Я вспоминаю свой дворец Холируд, когда мы с Дарнли только что поженились. Через несколько недель я обнаружила, что прекрасный юноша, в которого я влюбилась, был грязным мальчишкой, вся прелесть которого таилась лишь в обличье. Как только мы поженились, он дал мне увидеть то, о чем знали все кругом: что он был пьяницей и содомитом, которого жгло властолюбие, и хотел отстранить меня от власти и захватить ее в качестве короля-консорта.
Я приписывала свое отвращение к нему тому, что открыла, что за человек он оказался; но правда была хуже – много хуже. Я помню, как Ботвелл появился при дворе в Холируде, как убогие дамы и неприглядные мужчины моего шотландского двора расступились, чтобы дать ему дорогу, как всегда расступались все перед Ботвеллом, который шел вперед – без улыбки, могучий, возвышаясь плечами и головой над всеми вокруг. Кто-то зашипел от отвращения, кто-то вышел, хлопнув дверью, а трое мужчин отступили, хватаясь за пояса, где должны были висеть их мечи, и я, вместо того чтобы разгневаться на неуважение, просто затаила дыхание от запаха мужчины, который, по крайней мере, был мужчиной, но не наполовину крестьянином, как эти шотландские лорды, и не девочкой наполовину, как мой легковесный муж; но мужчиной, который мог смотреть королю в лицо, мужчиной, как мой свекор, король Франции, который знал, что он в комнате – величайший, кто бы еще рядом с ним ни был.
Я увидела его и захотела.
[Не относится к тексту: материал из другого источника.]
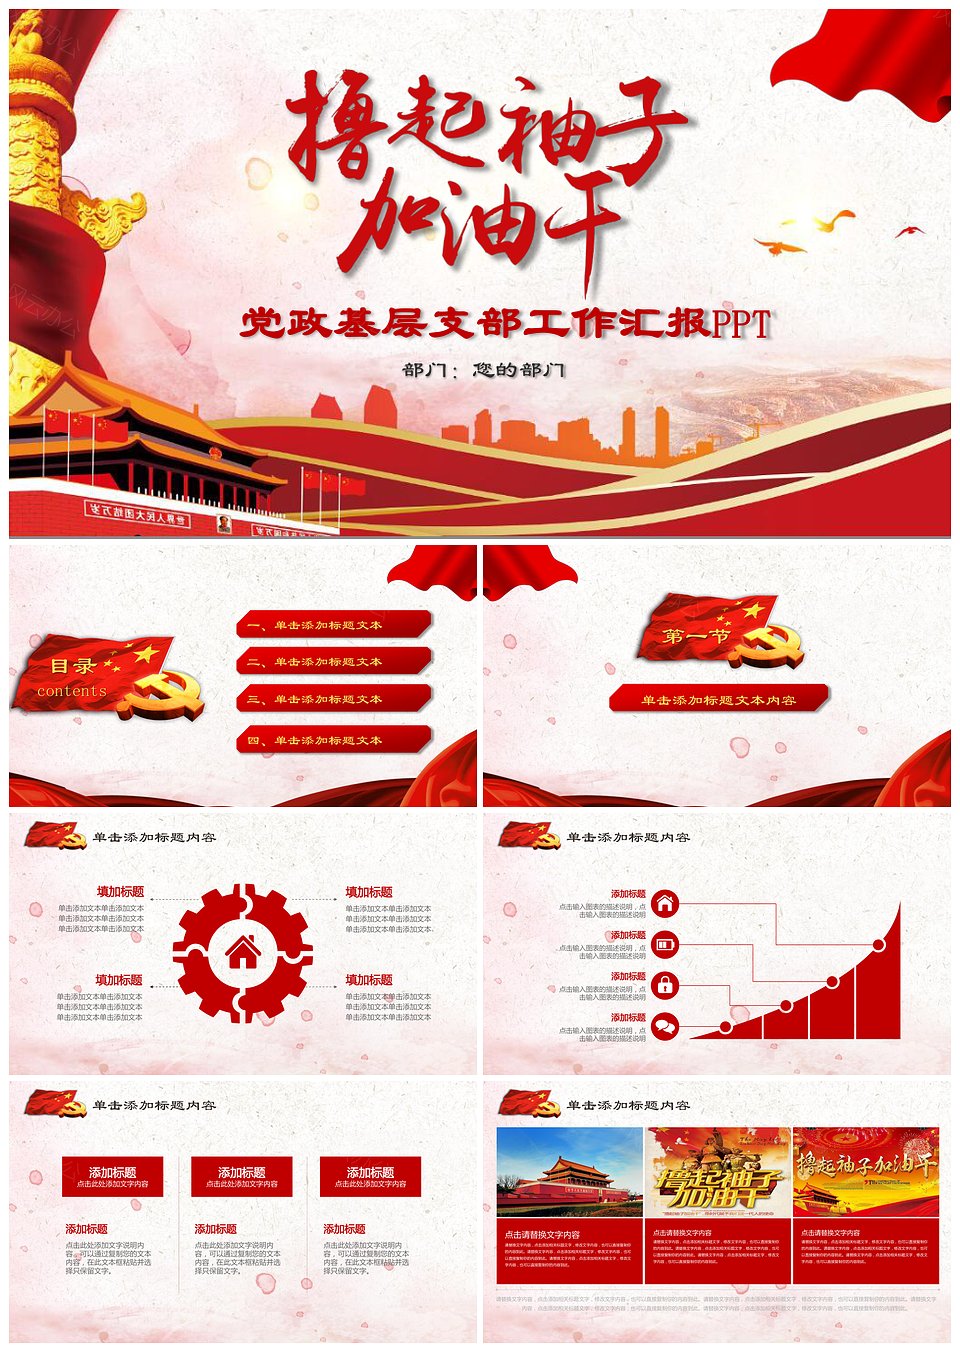 红色中国风撸起袖子加油干励志主题PPT模板

Вот так просто и грешно. Я увидела его и поняла, что он может удержать для меня этот трон, разбить льстивых предателей, противостоять Джону Ноксу и тем, кто ненавидит меня, собрать воинственных лордов воедино, приказать, чтобы Франция выплачивала мое содержание, защитить меня от Англии и сделать меня здешней королевой. Никто больше не мог этого сделать. Больше они никого не боялись. И потому я никого, кроме него, не хотела. Он единственный мог меня уберечь, спасти меня от этих варваров. Он сам дикарь, он может ими править. Я смотрела на него и знала, что он тот, кто проведет меня к моей судьбе. С ним я буду повелевать Шотландией, с ним могу вторгнуться в Англию.
Понимает ли он это в ту минуту, когда видит меня, сдержанную и прекрасную, на троне? Я не так глупа, чтобы мое желание отразилось на лице. Я спокойно смотрю на него, киваю и замечаю, что моя мать верила ему больше, чем прочим лордам, и он честно служил ей. Он знает, что, пока я так взвешенно говорю, сердце мое колотится под платьем, а тело в тревоге покрывается испариной?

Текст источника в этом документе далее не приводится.